Covid-19: Ailing foodservice should look to dark kitchens to maintain deliveries

GlobalData Consumer 3rd August 2020 (Last Updated August 3rd, 2020 16:54)

Covid-19: Ailing foodservice should look to dark kitchens to maintain deliveries

There is increasing evidence that the popularity of home delivery will continue to grow. GlobalData’s research in the Covid-19 week 4 recovery consumer survey found that 34% of consumers strongly or somewhat agreed that they expect to order deliveries from restaurants more often than before. As we head into the second wave of Covid-19 and regional lockdowns pick up or ease, foodservice outlets should embrace digital ordering, dark kitchens and delivery.

On 28 July, McDonald’s reported a 30% revenue drop during the second quarter of 2020. Although fast food chains like McDonald’s have been recovering faster than the overall restaurant industry, the company expects to permanently shut approximately 200 locations. While the total number of customers fell, in Australia, delivery effectively doubled its prior sales, accounting for almost 10% of orders during the second quarter. It grew in several other markets too, including the US.

As global economies gradually recover from Covid-19 and restrictions are relaxed, companies like McDonald’s will open for longer hours but it remains to be seen if the public can be convinced to attend in pre-pandemic numbers. Future waves of infection will also lead to local or regional restrictions and jobs will be at risk.

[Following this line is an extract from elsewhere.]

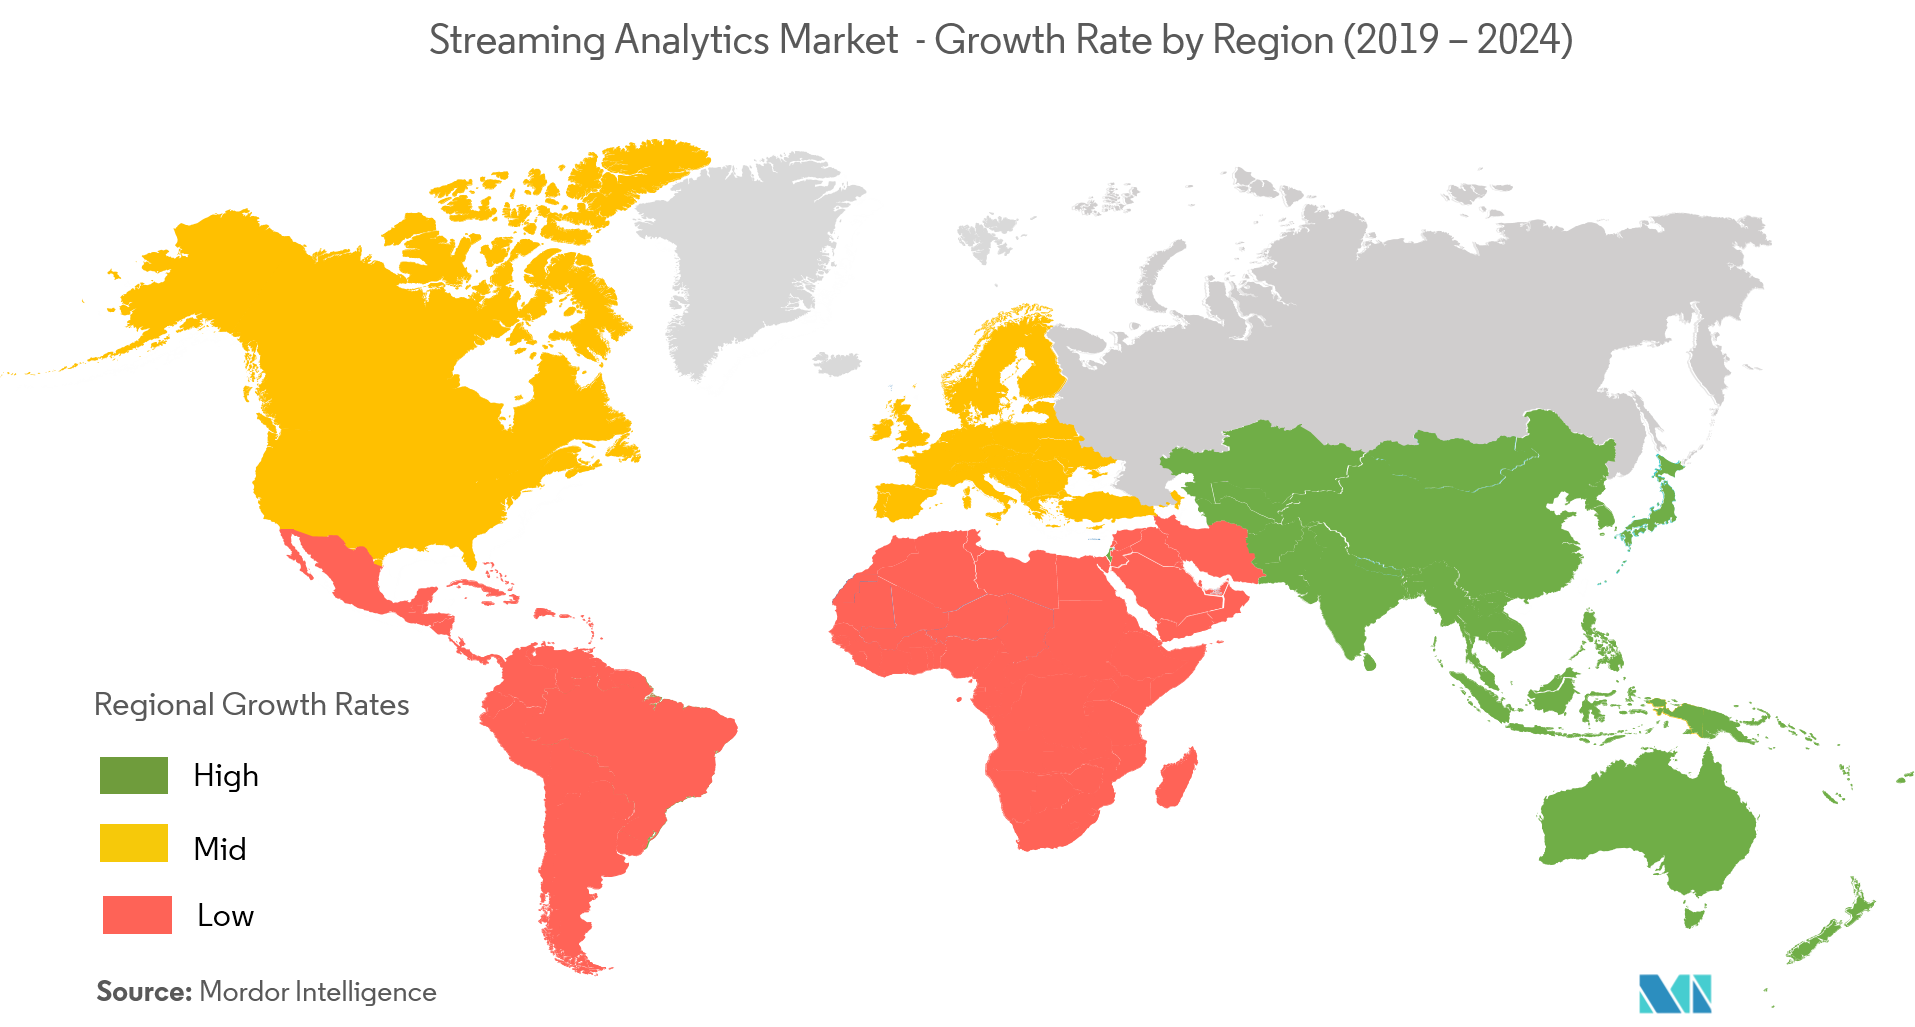 流媒体分析市场 - 按地区划分的增长率（2019 - 2024）

It is extremely likely that foodservice outlets will experience further unpredictable disruption through the recovery period and delivery services will be a means to keep brands alive.

Home delivery contains many well-documented logistical difficulties. Restaurants are scattered around, often using different systems and built-in buildings where access to the kitchen and seamless collection simply is not yet a reality. The restaurant kitchens can be expensive to operate due to rent and running costs. This is where dark kitchens come in.

Dark kitchens are kitchens with no internal service, focused only on the delivery business, using readily available and cheap real estate such as industrial estates or car parks. Driven by logistics focused companies like Uber and Deliveroo, alongside more integrated companies such as Keatz or Taster, the restaurants are operated out of purpose-built, low-cost structures, often with multiple brands and operators on site. The creation and maintenance of these spaces were, as recently as last year, shown to be attracting tech investors like SoftBank with Amazon’s recent investment in Deliveroo taking place earlier this year. Ultimately, these solutions can keep costs down and extend the radius of delivery substantially.

In the absence of a vaccine and tumultuous infection rates, foodservice brands will have to get innovative with delivery to stay viable.